I suppose I love that painting necessarily describes a hidden interior. In this way I find it definitionally impossible to dislike someone's work if I truly like them, because it is a window into an even deeper aspect of their being. A handful of people for whom I care very deeply make work that when I first encountered it totally repelled me, but as I came to know them better I could feel almost physically my empathy-machine getting pried open, and that reveal––once I was seeing their work from approximately within their perspective––moved me on almost a cellular level. It changed how I looked at all paintings, not just theirs.

I love that painting has a long enough lineage that if we're talking from like Alberti's window to now or whatever it can seemingly be anything. For a lot of folks I think this is alienating or limiting––the weight of history––but for me it's freeing. It's like Parmigiano-Reggiano––if it's your thing you can talk about the geography of Emilia-Romagna and whether it's produced from the milk of red cattle and remember that the number on the wheel correlates to specific producer and the lower the number the higher the quality (generally) and that it's unusual in that it's made from skimmed milk and has zero lactose from like 18 months of age and buy implements to open the 38kg wheels and learn those processes and train yourself on what to listen for when the affineur hammers it and recall that the salt granules in aged varieties contain the amino acid tyrosine and on and on and on, but also: it's fucking delicious on pasta.

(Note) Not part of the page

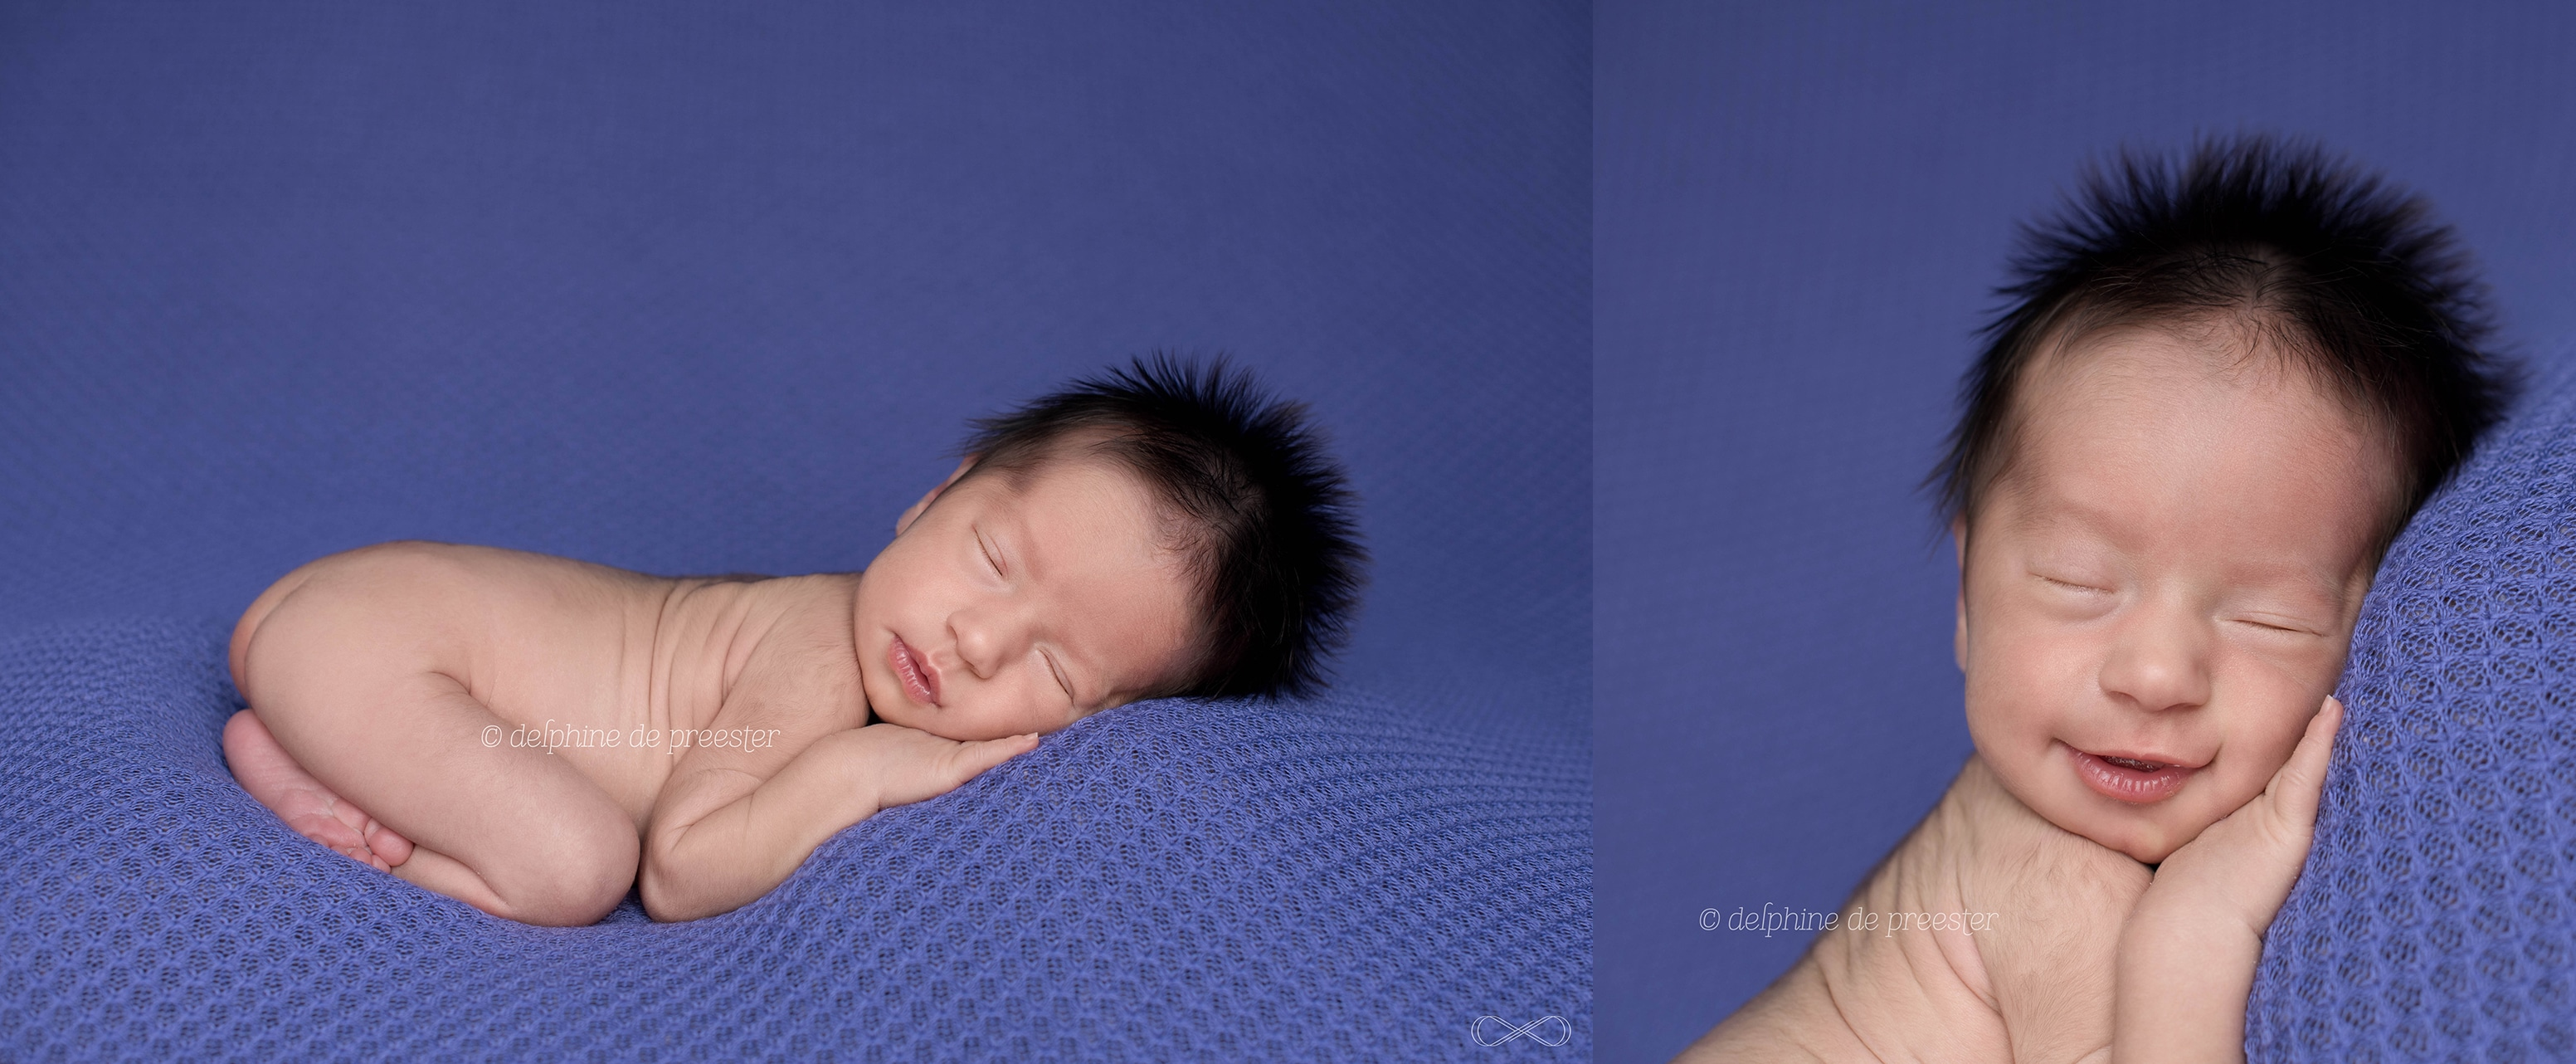 photographe bebe paris 91
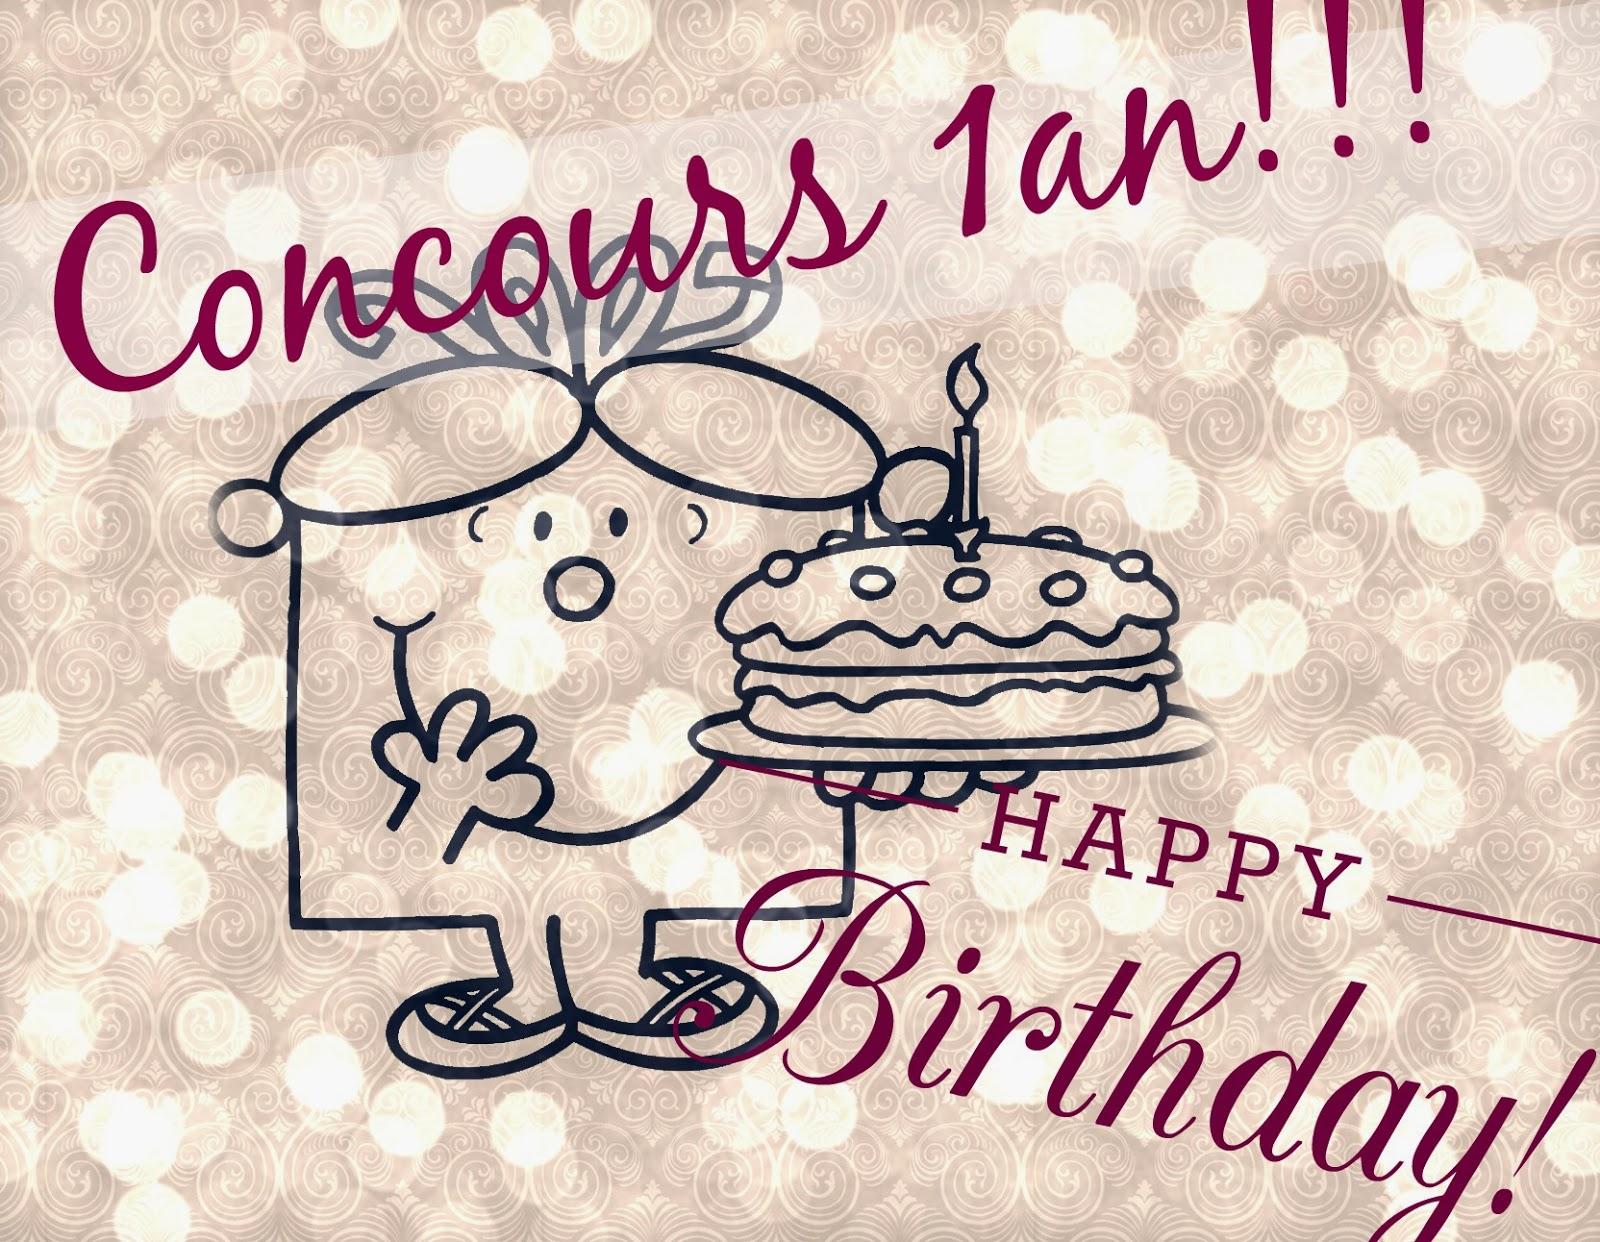 Concours des 1 an du blog - AromaZone / Etat Pur - Happy Birthday!!

Are there any other specific artists you look up to or draw inspiration from?

Two who come first to mind are W. G. Sebald and Joanna Newsom, specifically because both sensed life in presumed-dead or obsolete forms (Sebald with the 19th-century prose sentence, Newsom with the harp), and in resurrecting each expanded their contemporary bounds.

‍After the show at Project Native Informant what are your plans for the rest of 2021?

I’ll be putting together a solo fair presentation with Project Native Informant, so a fairly symmetrical 2021 all in all.